Task to carry out
Transcribe exactly, leaving out pictures, the lines from the one that holds "Hells Angels - Wikipedia" through the end of the data below, including both end lines and no others.

Dataset excerpt
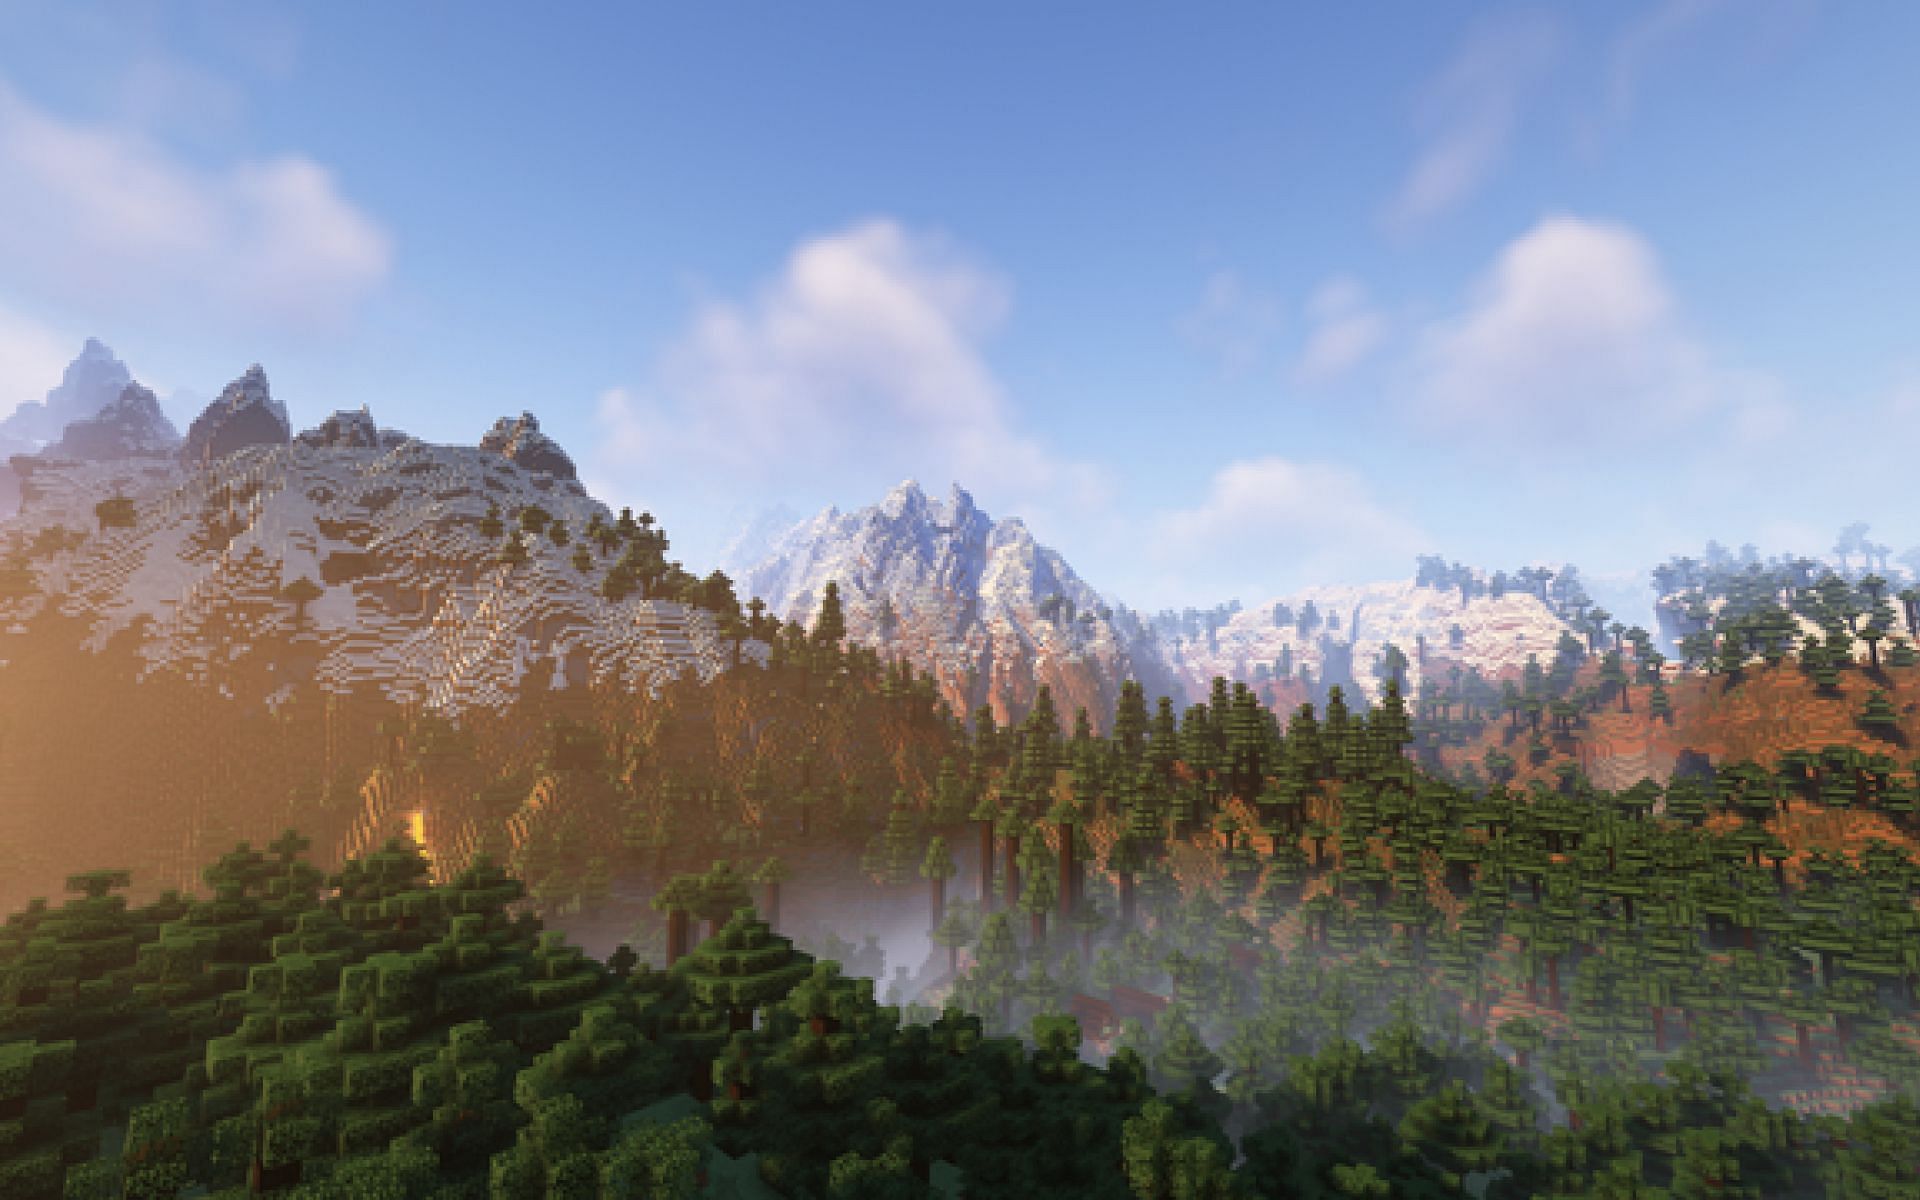 A scenic mountain range in Minecraft. (Image via u/Kidfury000 on Reddit)
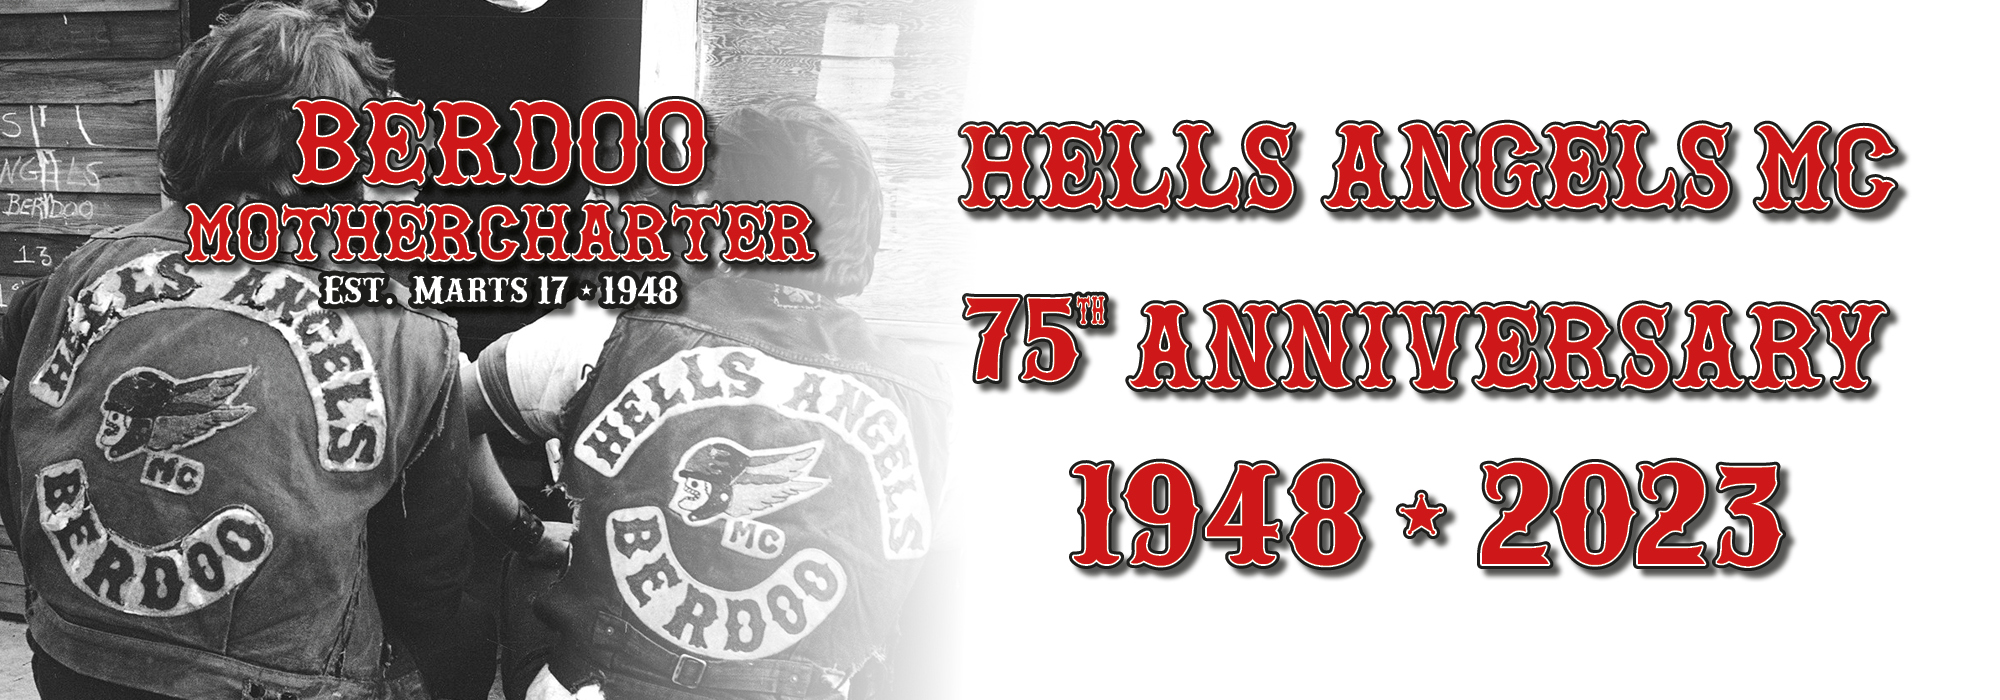 Hells Angels - Wikipedia
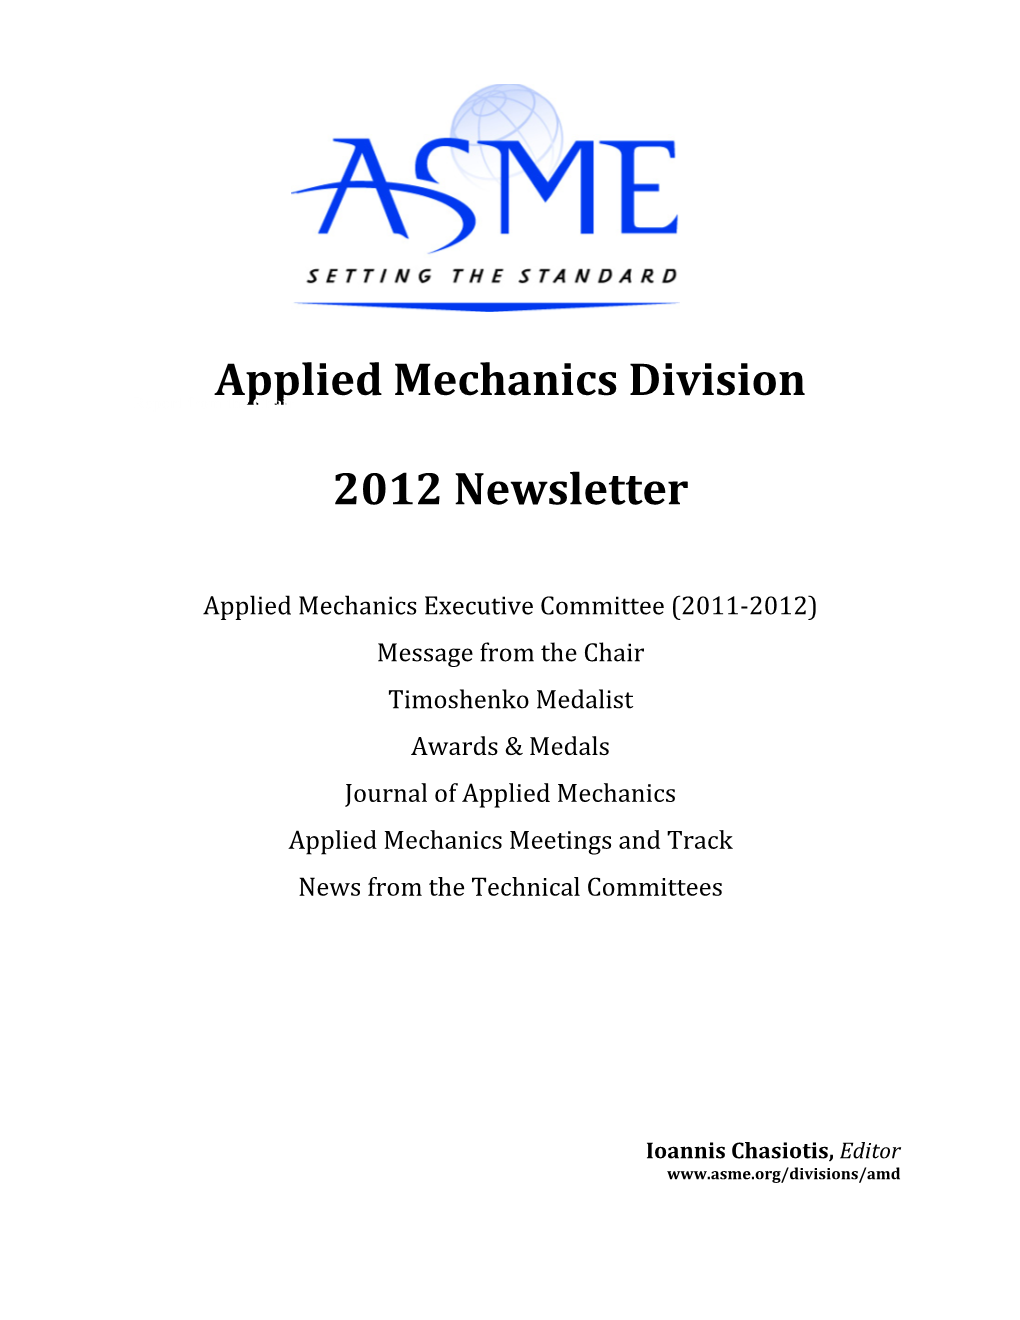 Applied Mechanics Division 2012 Newsletter

Solution for this problem
 Hells Angels - Wikipedia
 Applied Mechanics Division 2012 Newsletter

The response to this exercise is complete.